- **What you have to do**
Write out the records beneath this line exactly as they appear, minus any images.

[Records excerpted from a collection]
---

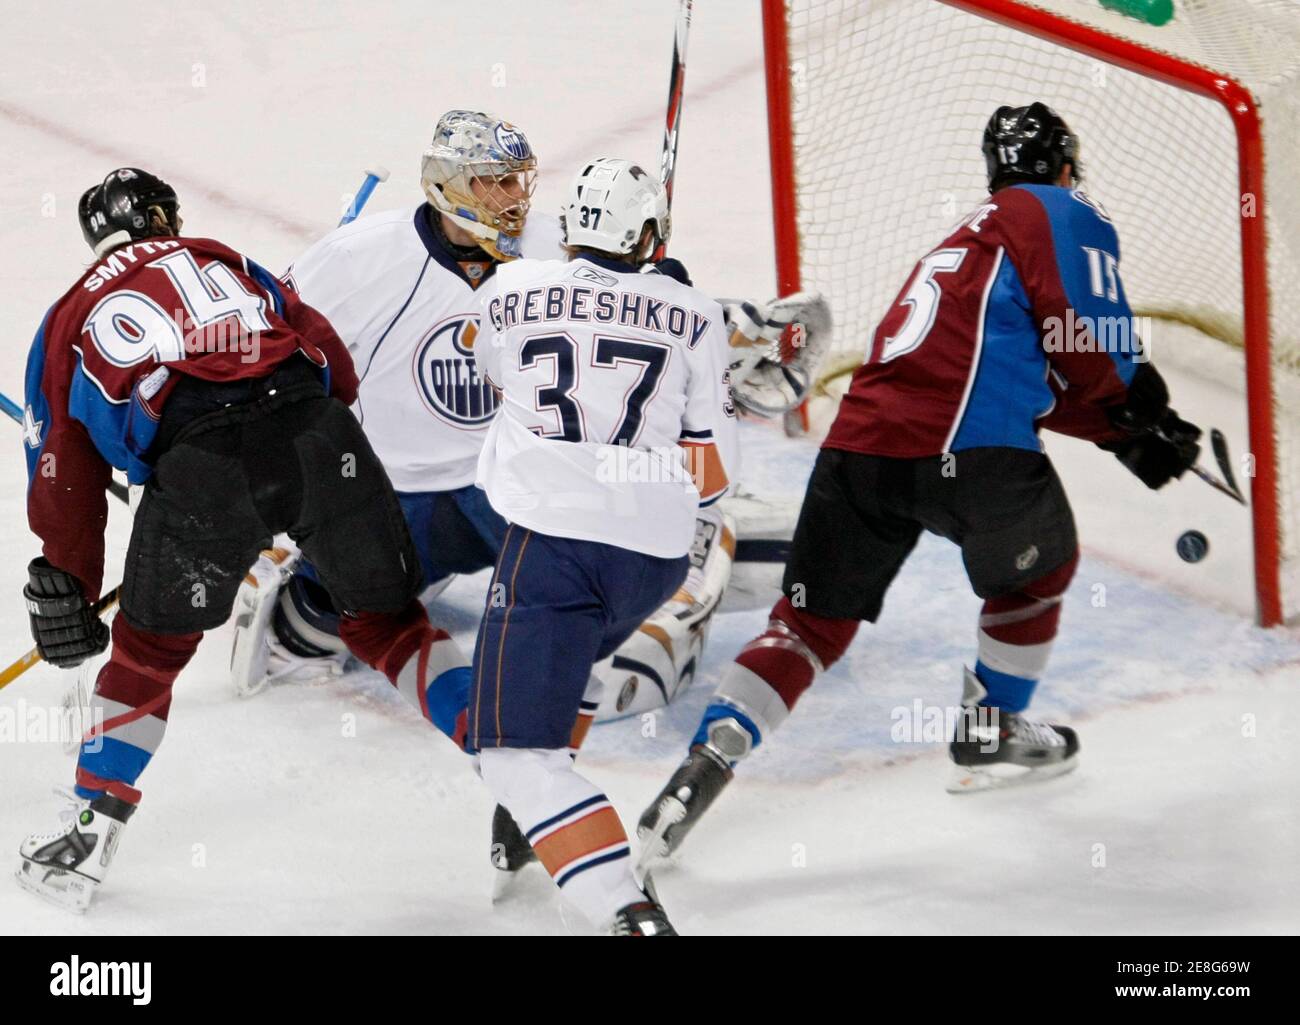 Colorado Avalanche winger Andrew Brunette (R) scores a goal over Edmonton Oilers goaltender Dwyane Roloson (2nd L) in the first period of the NHL hockey game in Denver, Colorado March 28, 2008. Also on the play are Colorado's Ryan Smyth (94) and Edmonton's Denis Grebeshkov (37).   REUTERS/Rick Wilking (UNITED STATES) Stock Photo
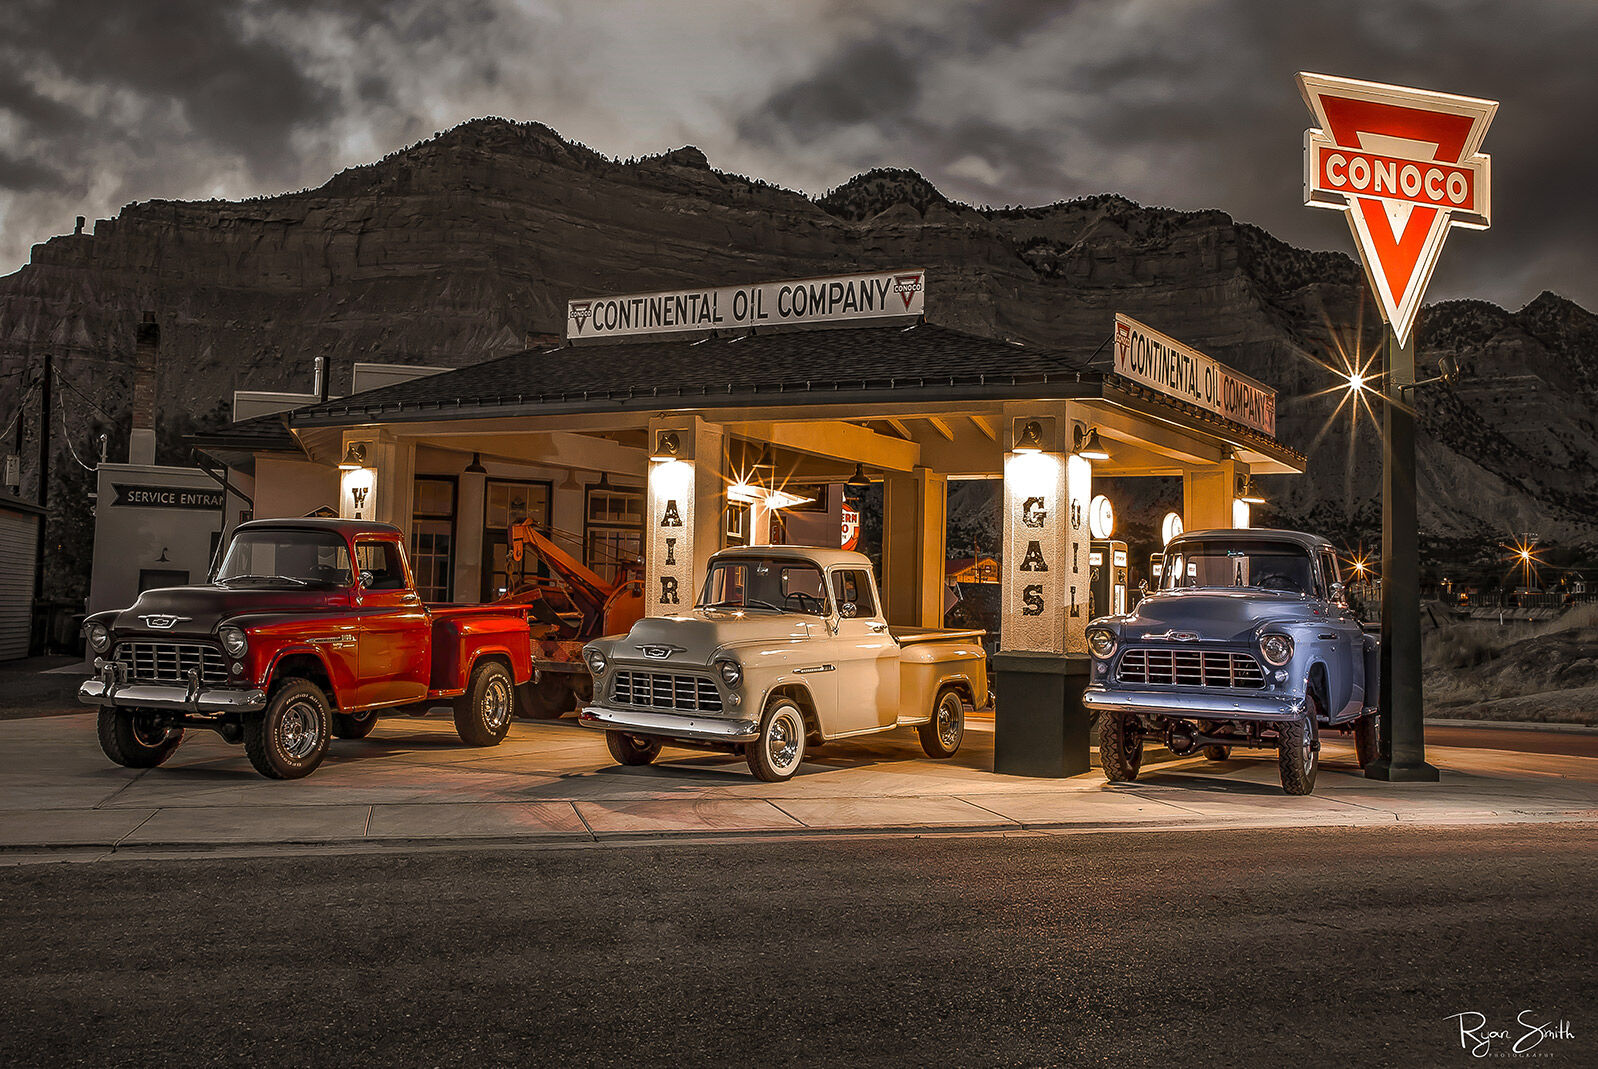 Three vintage Chevy trucks in red, white, & blue sit at a classic Conoco gas station with mountains and sky in the background in black and white as night falls.
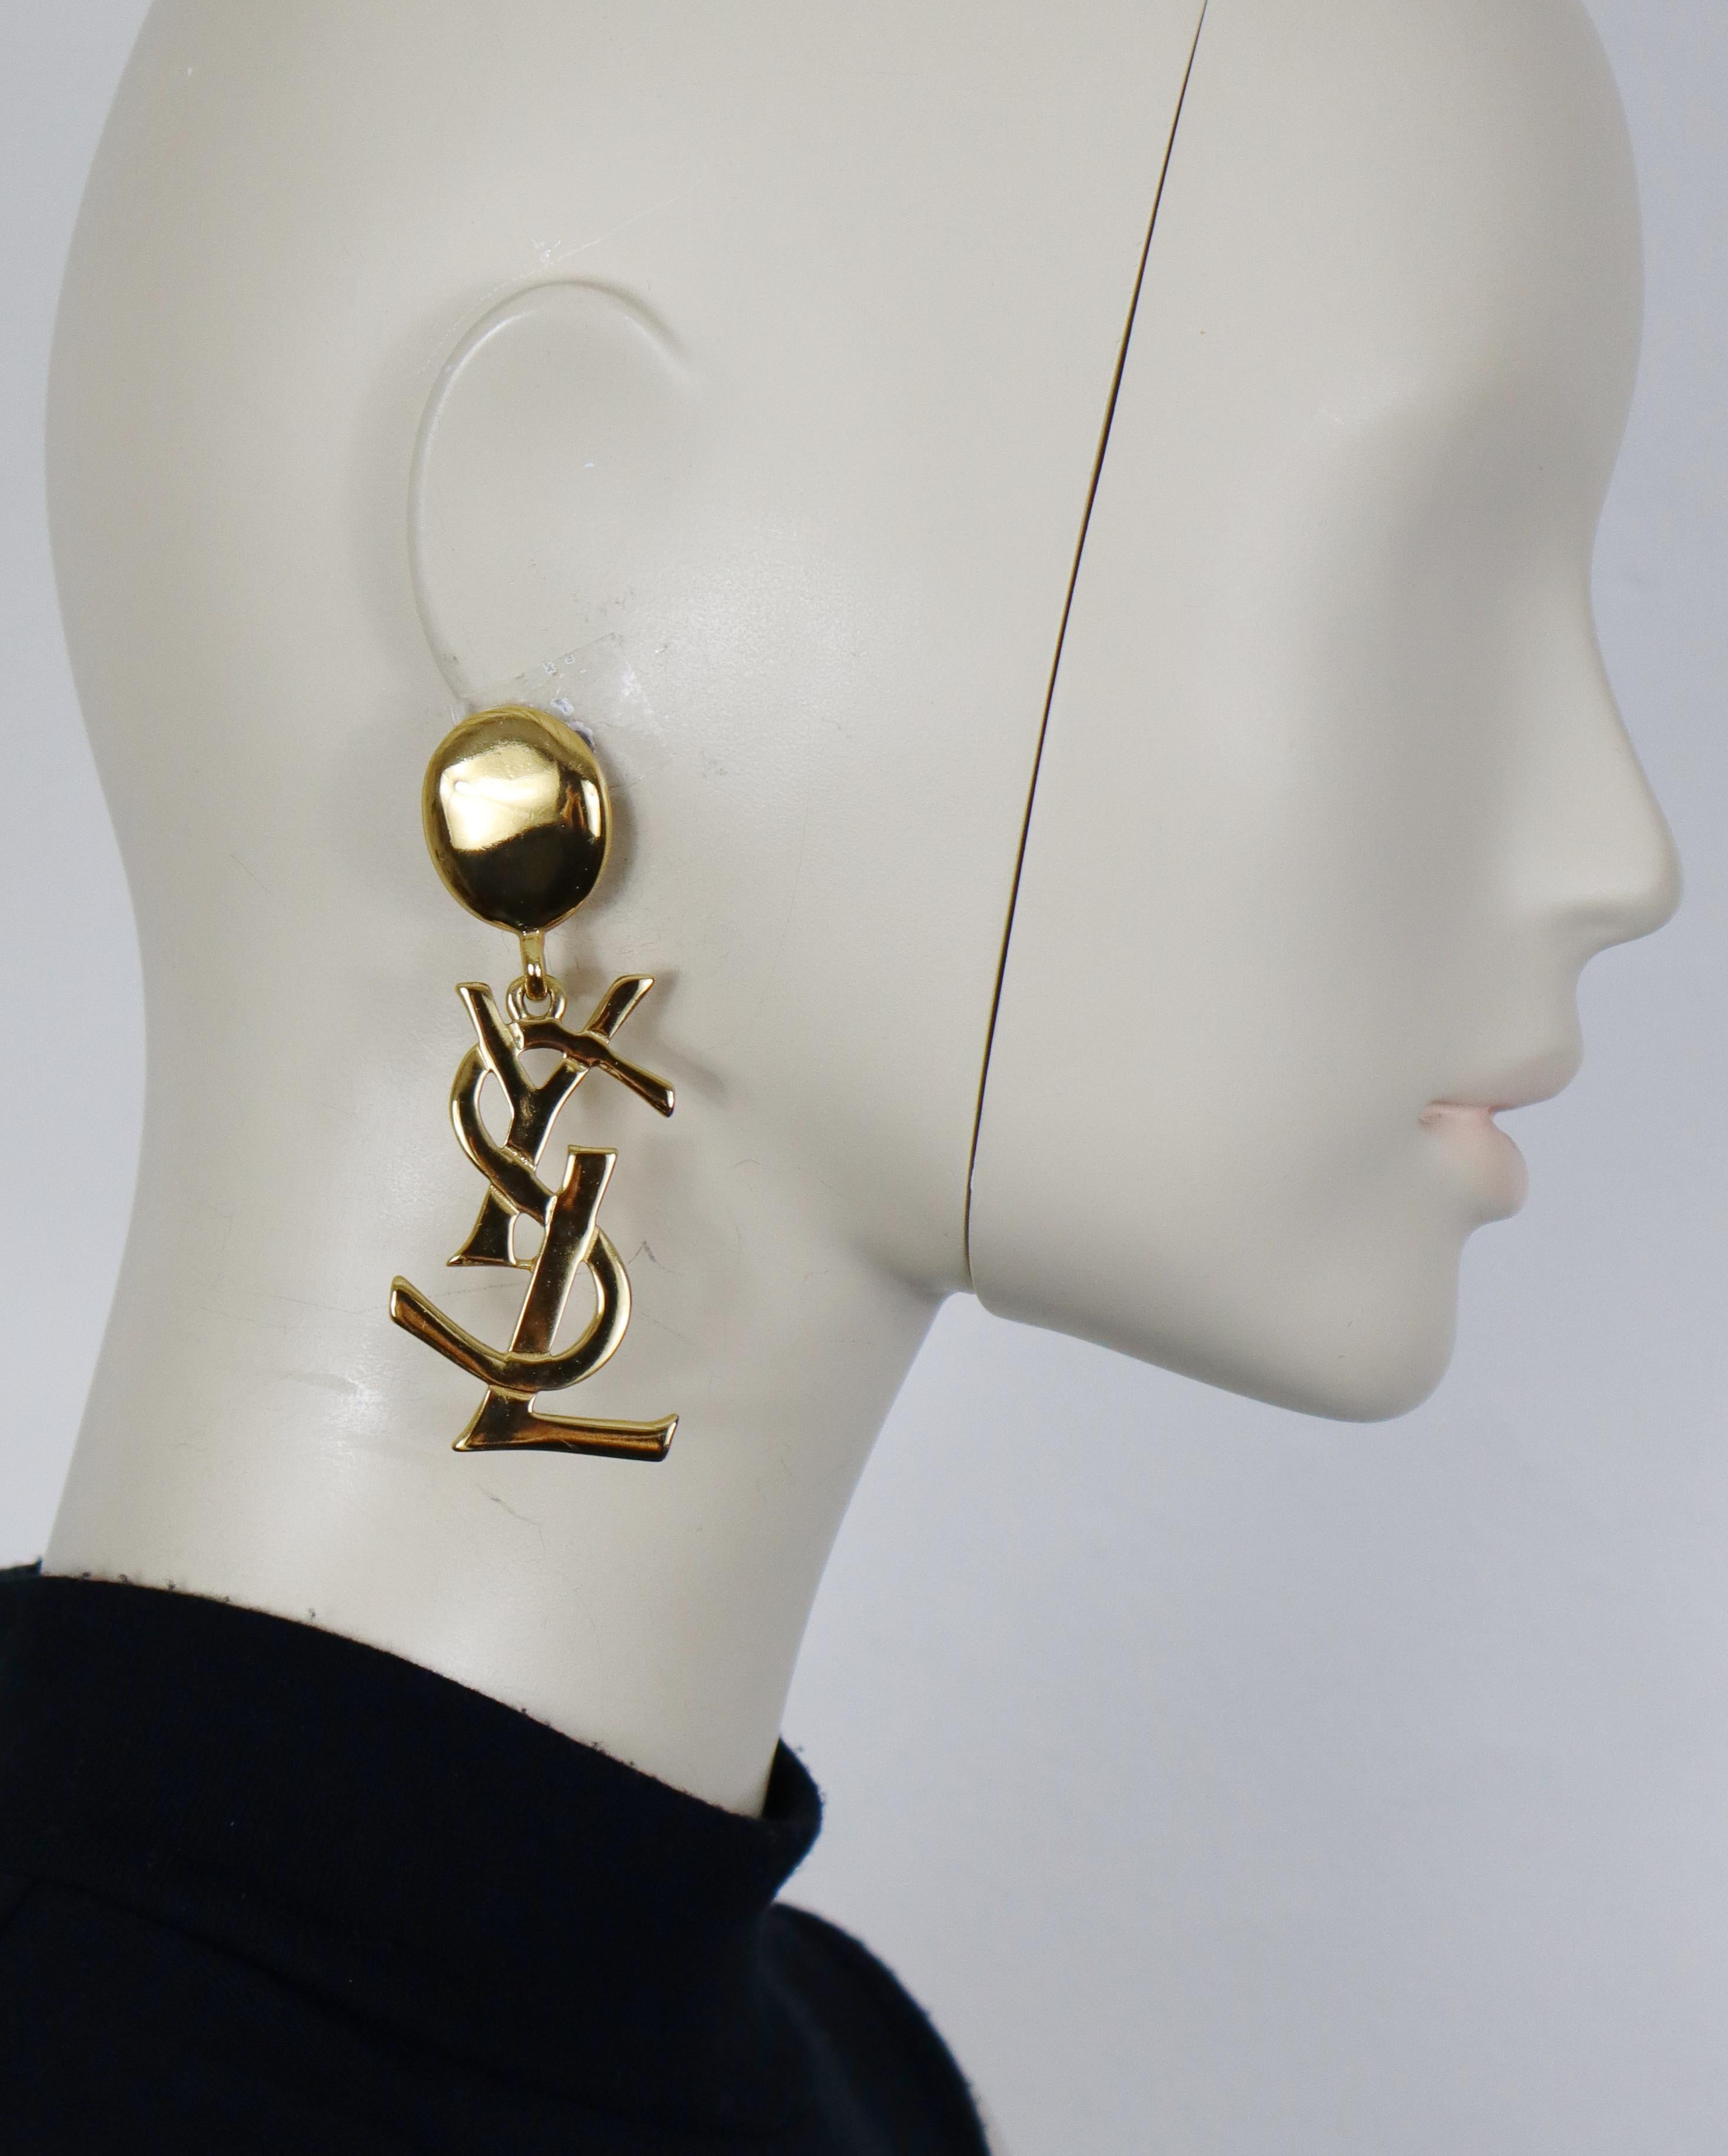 YVES SAINT LAURENT vintage massive gold tone iconic dangling earrings (clip on) featuring the YSL logo.

Embossed YSL Made in France.

Indicative measurements : height approx. 8.3 cm (approx. 3.27 inches) / max. width approx. 2.7 cm (1.06
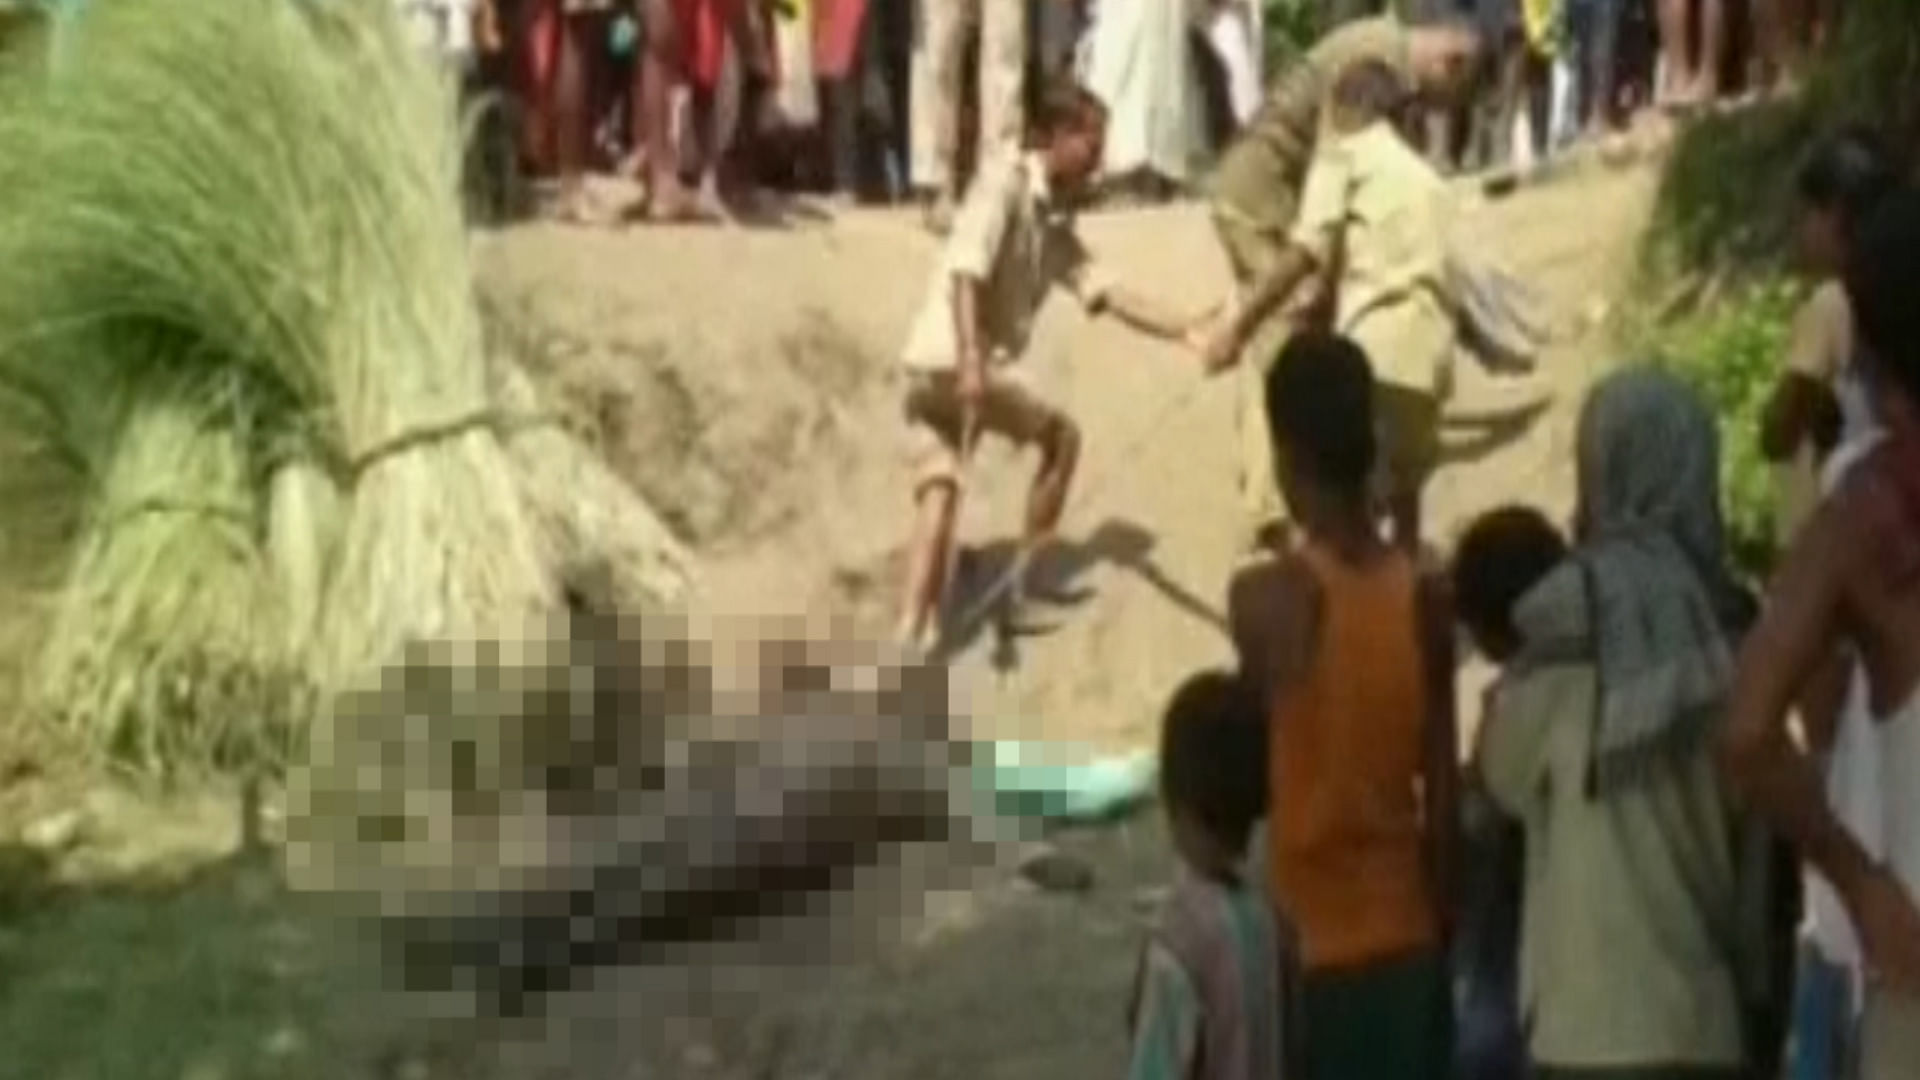 Police dragging out the corpse. (Photo: ANI Screengrab)

---

- **Written response**
 Colorado Avalanche winger Andrew Brunette (R) scores a goal over Edmonton Oilers goaltender Dwyane Roloson (2nd L) in the first period of the NHL hockey game in Denver, Colorado March 28, 2008. Also on the play are Colorado's Ryan Smyth (94) and Edmonton's Denis Grebeshkov (37).   REUTERS/Rick Wilking (UNITED STATES) Stock Photo
 Three vintage Chevy trucks in red, white, & blue sit at a classic Conoco gas station with mountains and sky in the background in black and white as night falls.
 YVES SAINT LAURENT vintage massive gold tone iconic dangling earrings (clip on) featuring the YSL logo.

Embossed YSL Made in France.

Indicative measurements : height approx. 8.3 cm (approx. 3.27 inches) / max. width approx. 2.7 cm (1.06
 Police dragging out the corpse. (Photo: ANI Screengrab)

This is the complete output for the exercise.